(Exercise description): The listing below should be reproduced precisely, except for its images.

(The data):
Start of Block
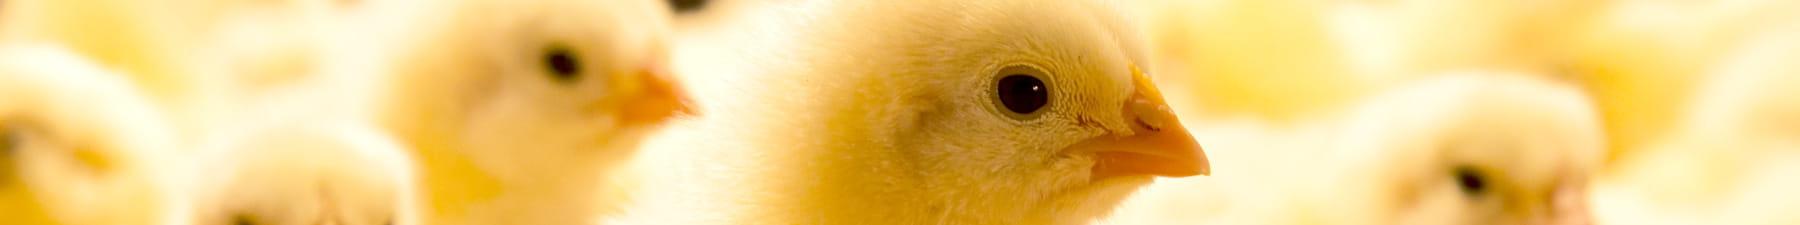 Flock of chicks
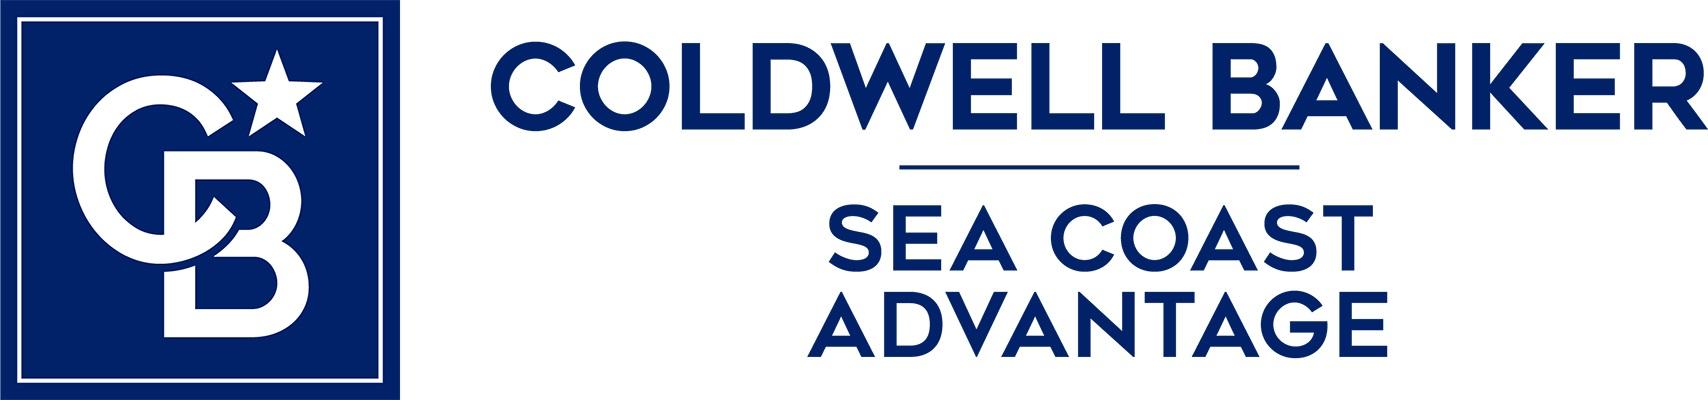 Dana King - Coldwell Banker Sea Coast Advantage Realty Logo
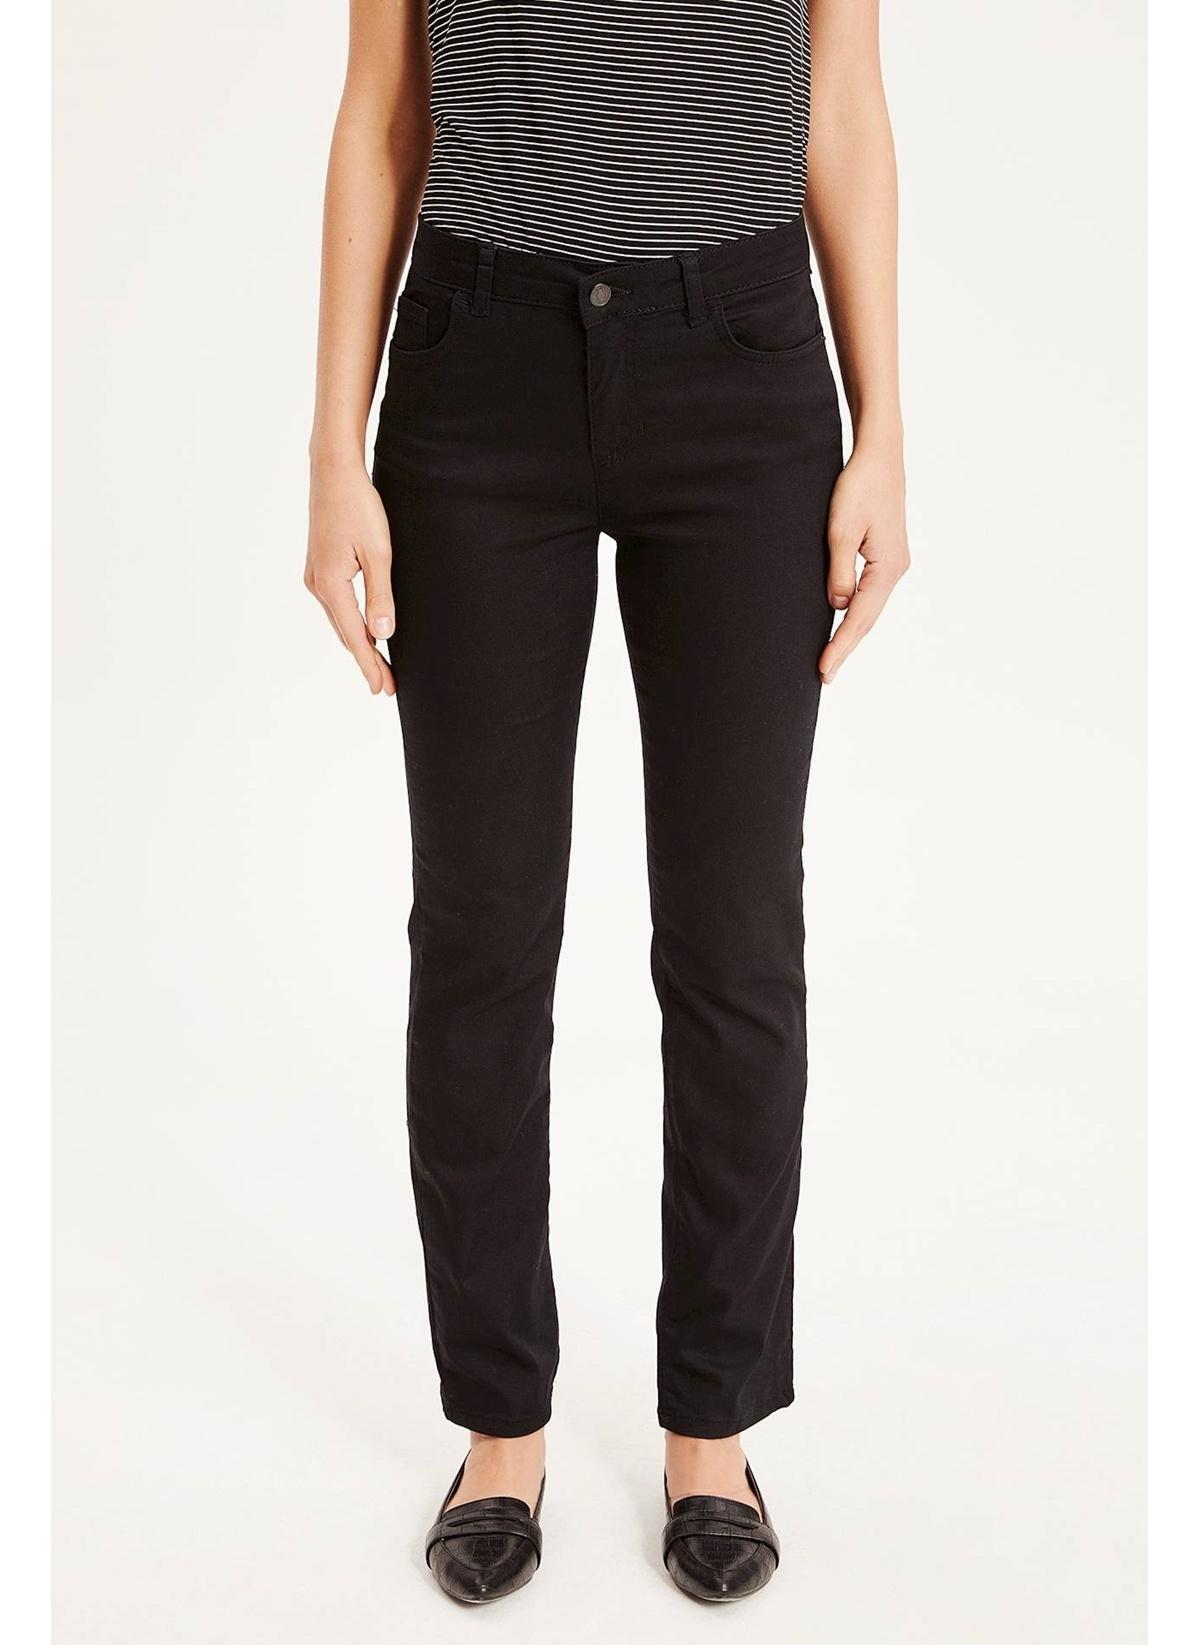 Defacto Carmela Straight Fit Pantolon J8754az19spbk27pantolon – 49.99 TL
End of Block
(Solution to this exercise):
 Flock of chicks
 Dana King - Coldwell Banker Sea Coast Advantage Realty Logo
 Defacto Carmela Straight Fit Pantolon J8754az19spbk27pantolon – 49.99 TL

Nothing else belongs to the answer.